■ **Aim of the task**
Each record must be written out again exactly. Skip any picture it contains.

■ **Source records**

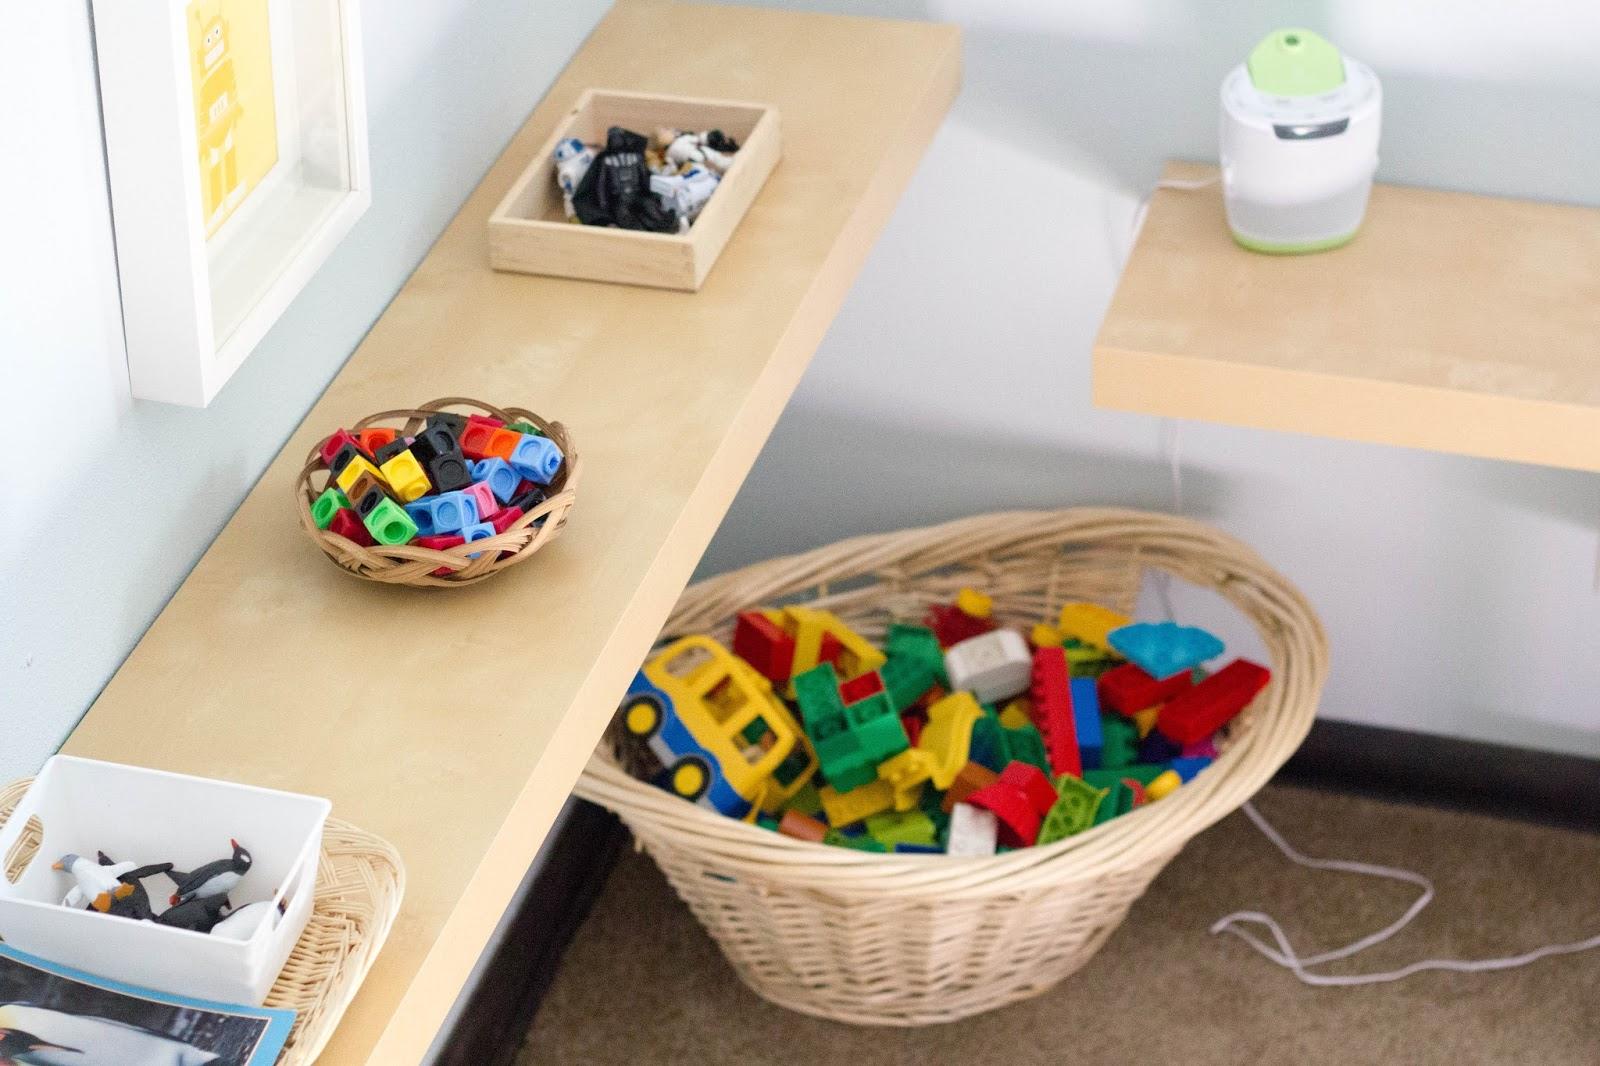 Montessori At 4 Years Old
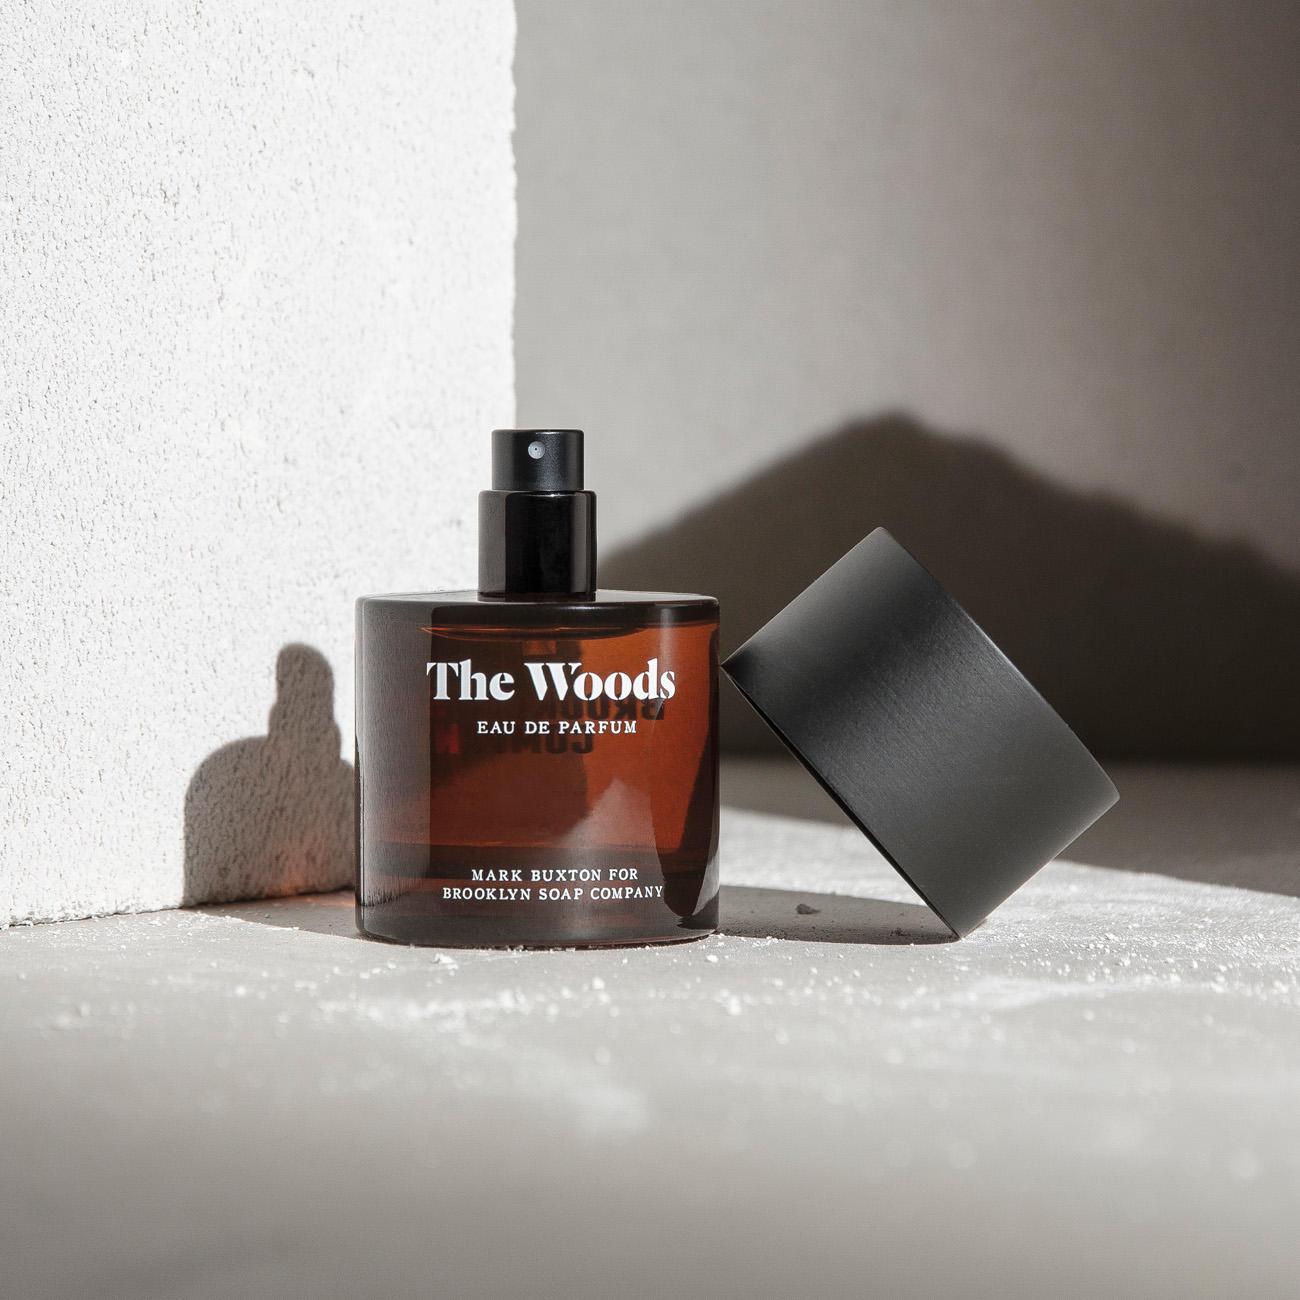 the woods eau de parfum mode klassiker entdecken. Black Bedroom Furniture Sets. Home Design Ideas
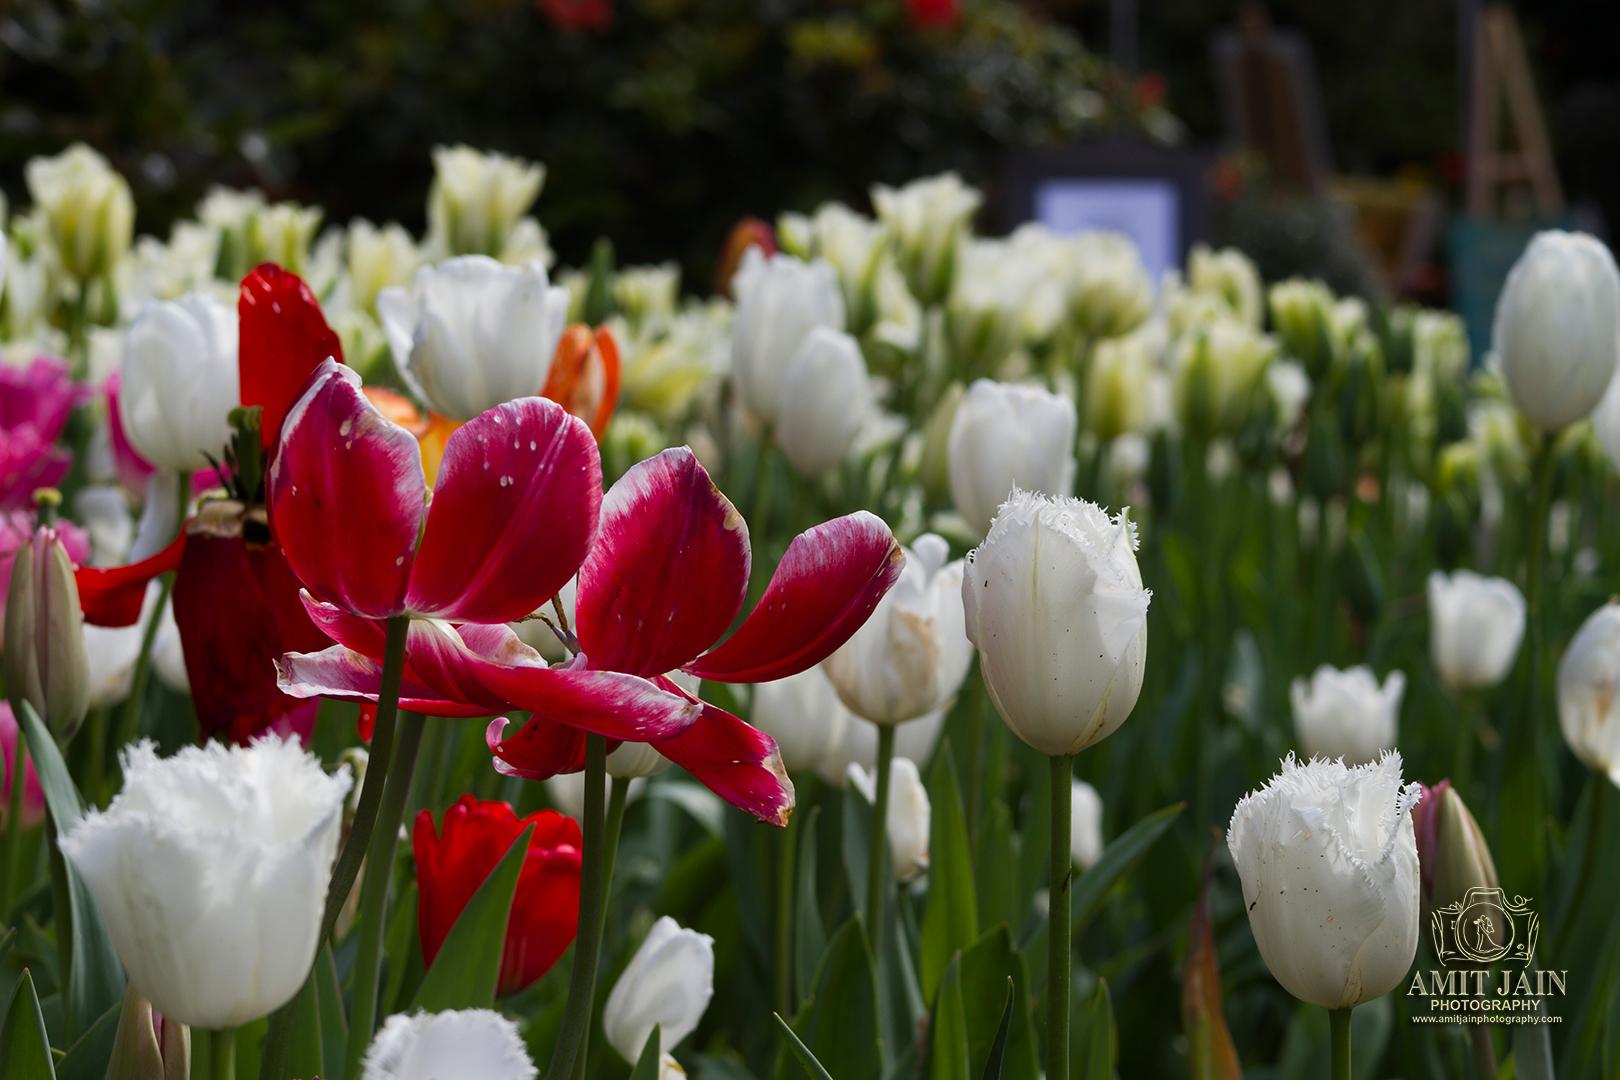 Spring Tulips In Full Bloom Stock Photo - Image of
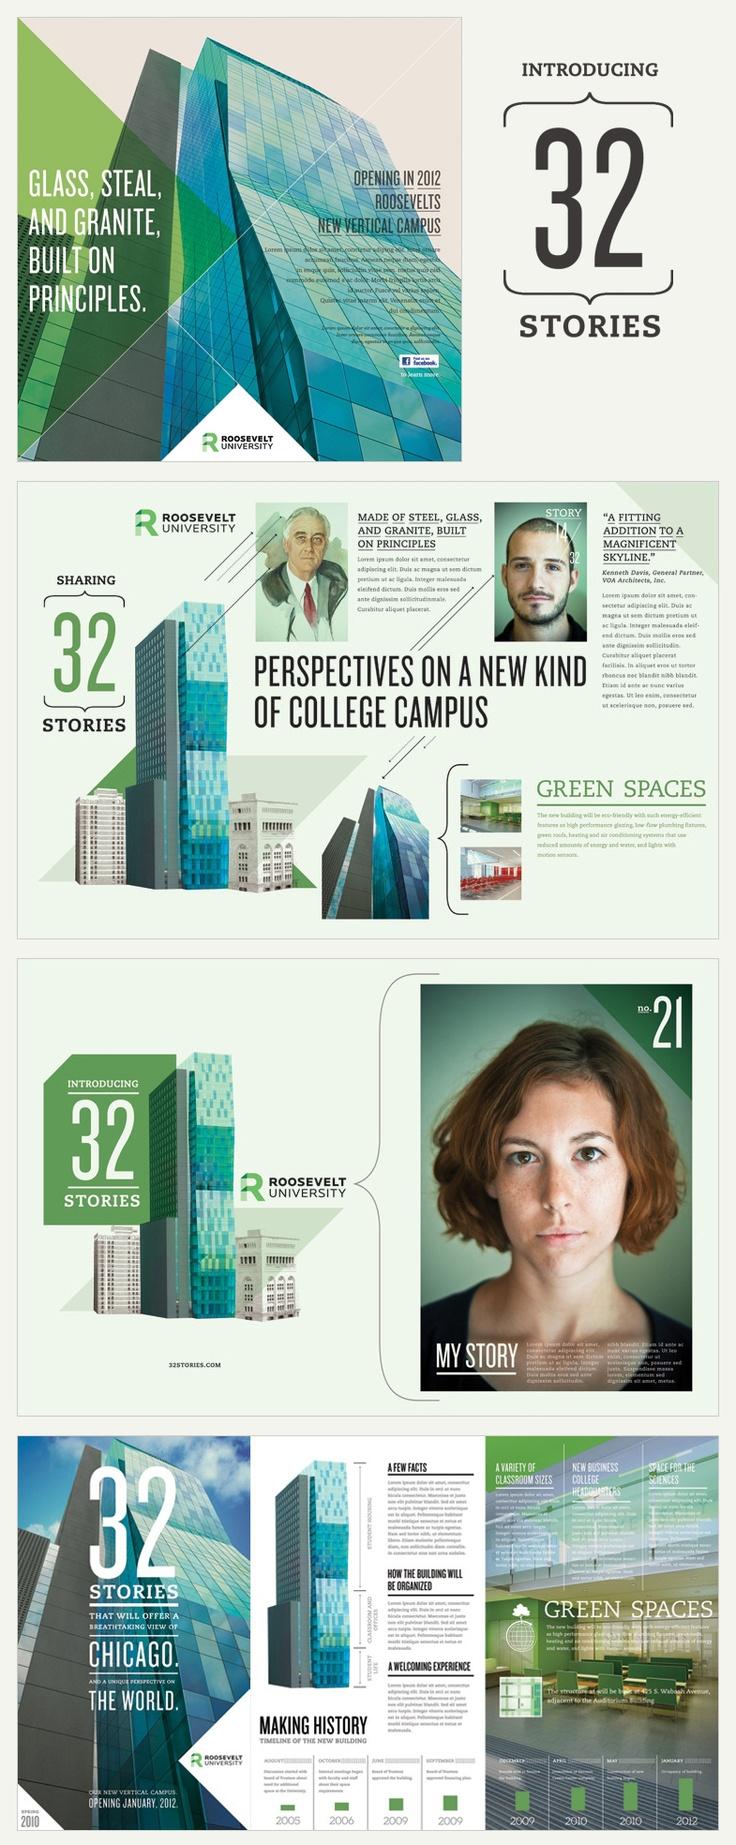 http://mikemcquade.com/Roosevelt-University
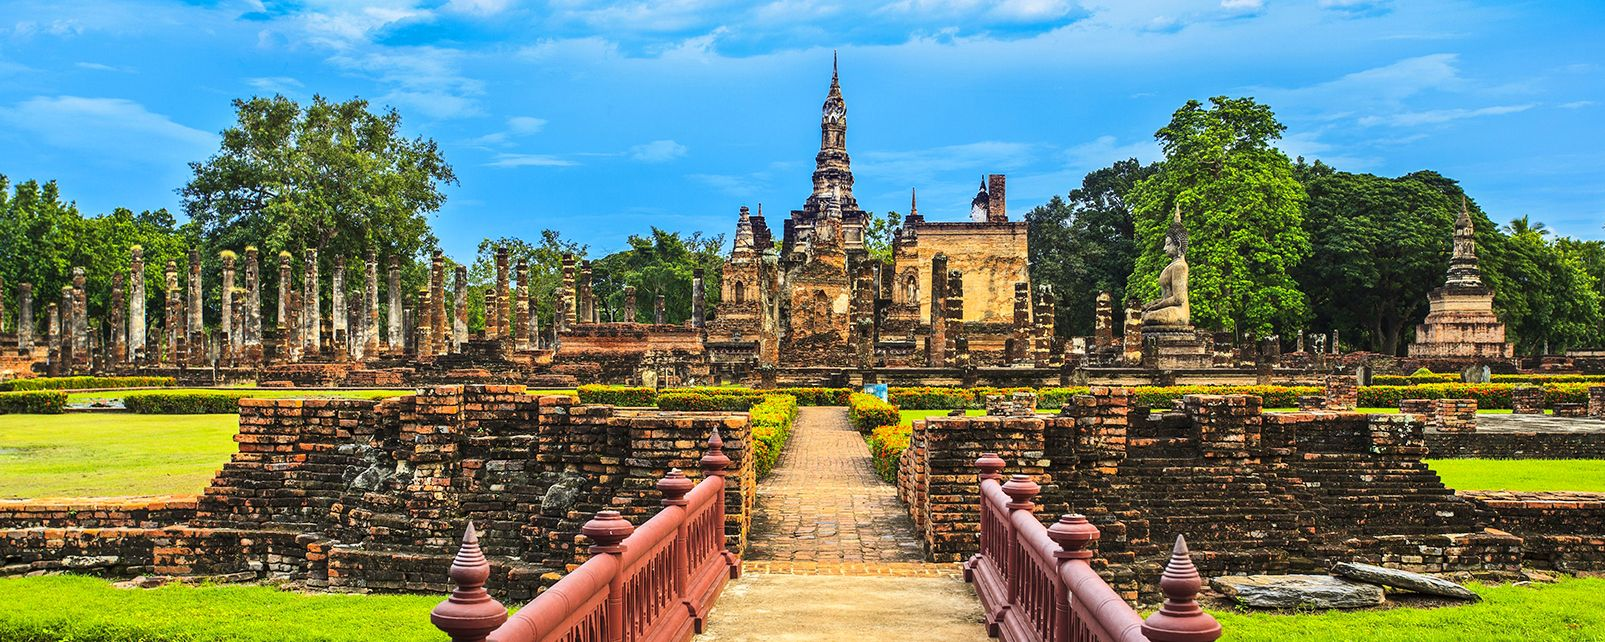 Sukhothai, Thailand, Sukhotai, Monuments, Sukhothai, Thailand

■ **Task response**
 Montessori At 4 Years Old
 the woods eau de parfum mode klassiker entdecken. Black Bedroom Furniture Sets. Home Design Ideas
 Spring Tulips In Full Bloom Stock Photo - Image of
 http://mikemcquade.com/Roosevelt-University
 Sukhothai, Thailand, Sukhotai, Monuments, Sukhothai, Thailand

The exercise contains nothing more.